Брянскій почувствовалъ этотъ взглядъ, на секунду пріостановился, скользнулъ взглядомъ по дѣвушкѣ и снова продолжалъ свой путъ, но и этого мимолетно брошеннаго взгляда было достаточно. Брянскій разглядѣлъ нѣжную стройную фигуру, прекрасное, съ короной густыхъ черныхъ волосъ, матовое лицо, тонкія маленькія руки въ черныхъ лайковыхъ перчаткахъ и стройныя въ лакированныхъ открытыхъ туфелькахъ ноги. Сквозь легкую кружевную кофточку отчетливо обрисовывалась высокая, красивая, дѣвственная грудь.

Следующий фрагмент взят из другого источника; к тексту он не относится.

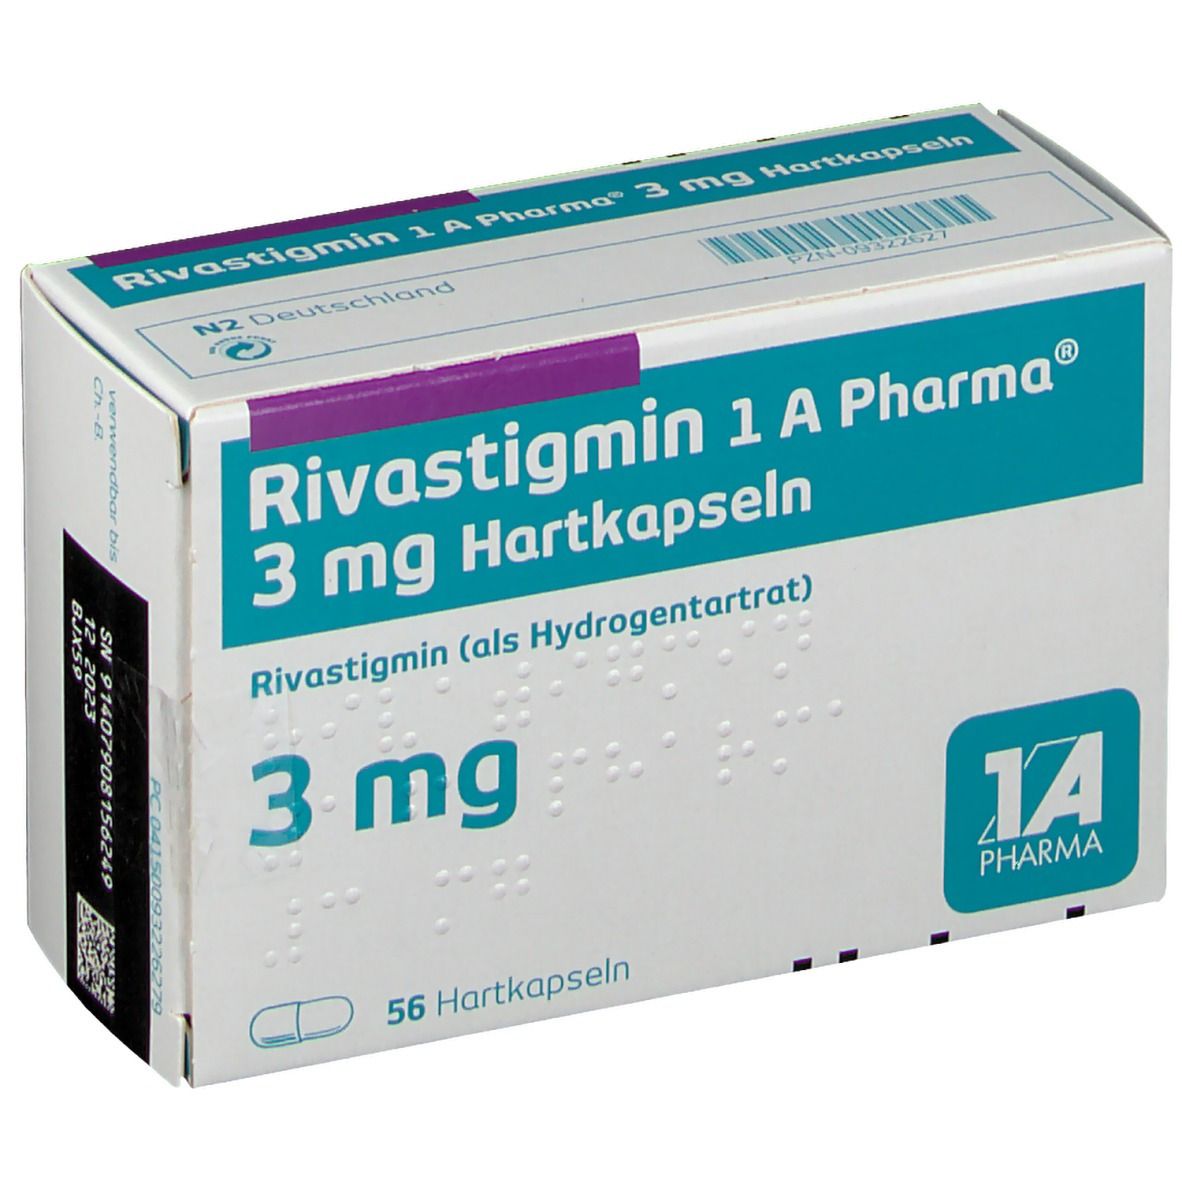 Rivastigmin 1 A Pharma® 3 mg
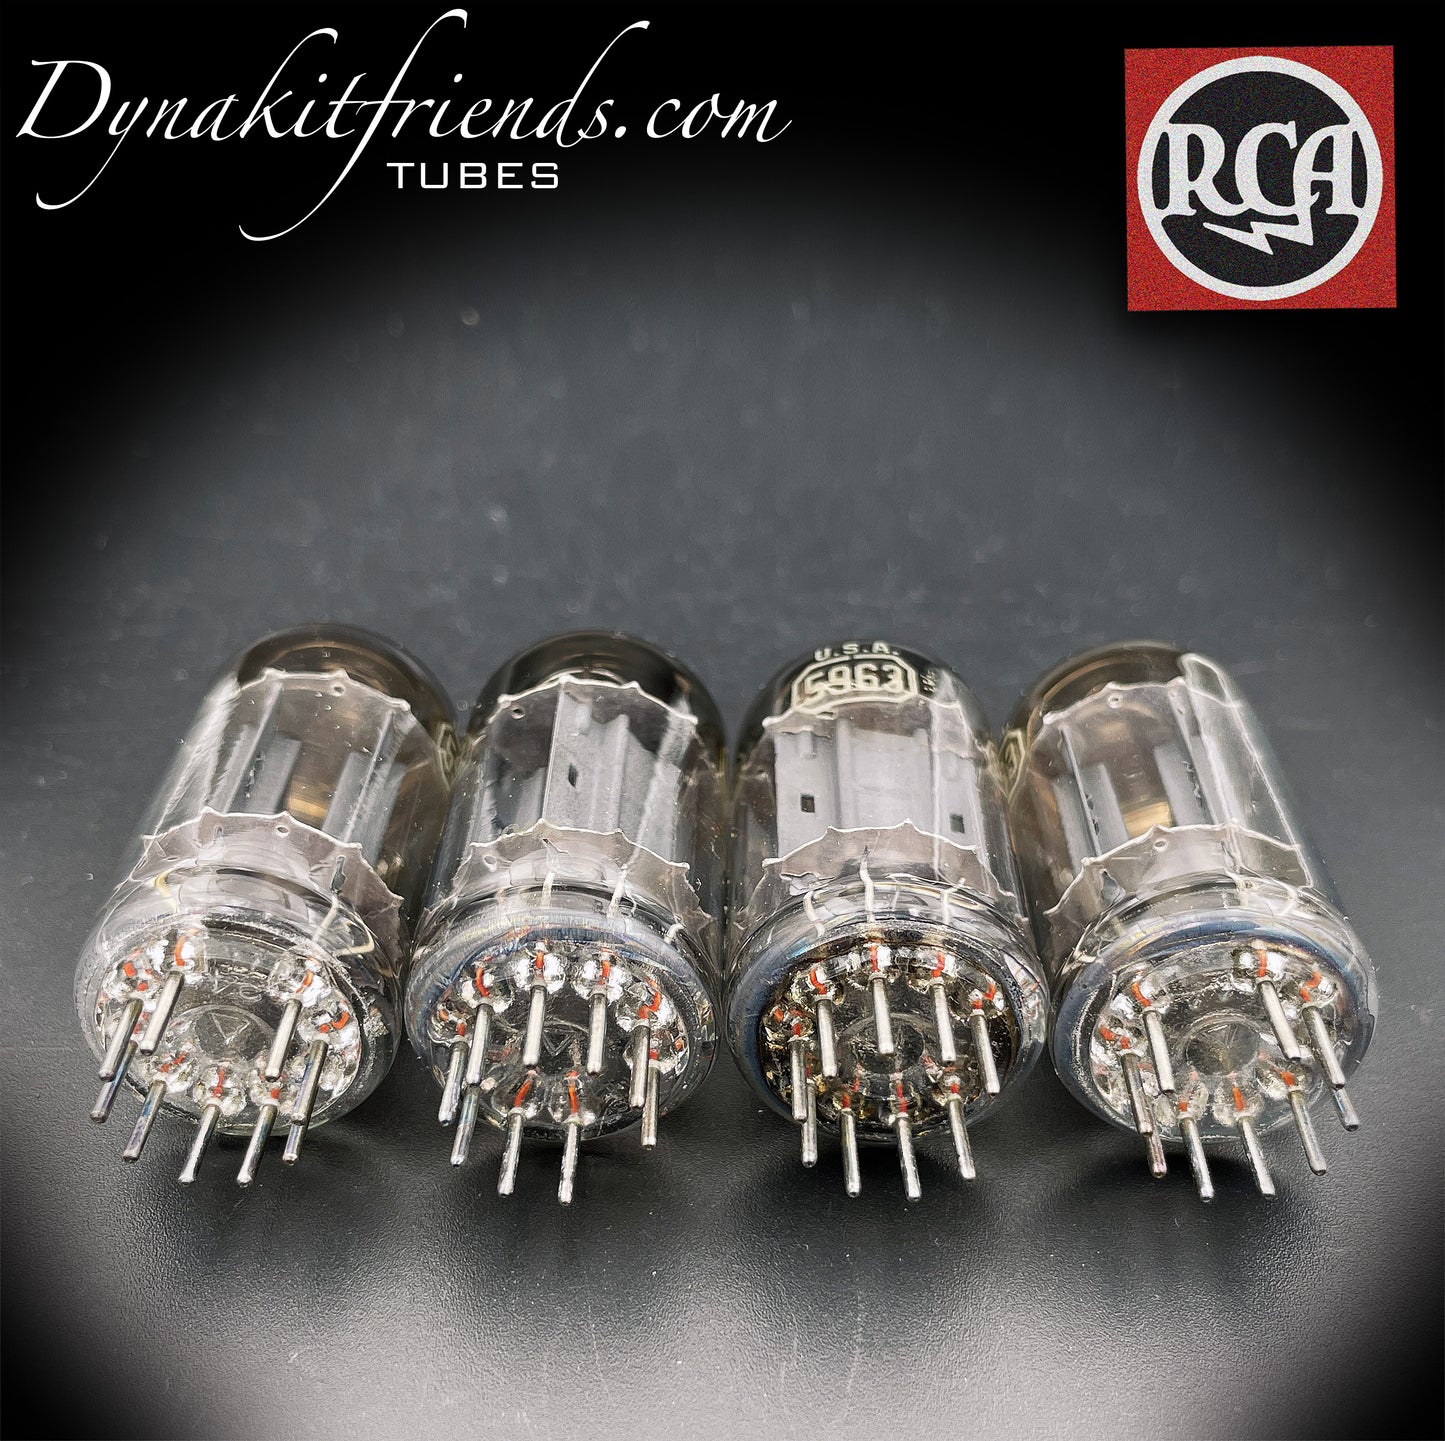 5963 (ECC82 12AU7 WA) RCA NOS-angepasste Röhren Geräuscharme und abgestimmte Mikrofon-Röhren Hergestellt in den USA

Вся стройность и изящество линій мгновенно запечатлѣлись въ его мозгу и особенно синіе глаза: нѣжные и глубокіе съ застывшей гдѣ-то далеко въ ихъ глубинѣ грустью, которую даже легкая насмѣшливость, смѣшанная съ любопытствомъ, и шаловливая улыбка на красивыхъ губахъ, не могли заслонить.
Эта грусть отражалась и на лицѣ, дѣлая его одухотворенно прекраснымъ, почти мистически красивымъ.
-- Какая красота!-- мысленно воскликнулъ Брянскій, и его глаза вновь загорѣлись внутреннимъ огнемъ.
Красивый старикъ вновь что-то сказалъ дѣвушкѣ, уже болѣе громко, на что послышался чистый серебристый смѣхъ, но Брянскій не слышалъ, такъ какъ вошелъ въ купе.
По свойственной ему привычкѣ все дѣлать быстро, Брянскій въ одну минуту размѣстилъ свои вещи, заплатилъ носильщику и, бросивъ небрежно на диванъ пачку свѣжихъ газетъ и журналовъ, присѣлъ и оглянулъ купе.
Всѣ мѣста были заняты, но изъ пассажировъ не было никого.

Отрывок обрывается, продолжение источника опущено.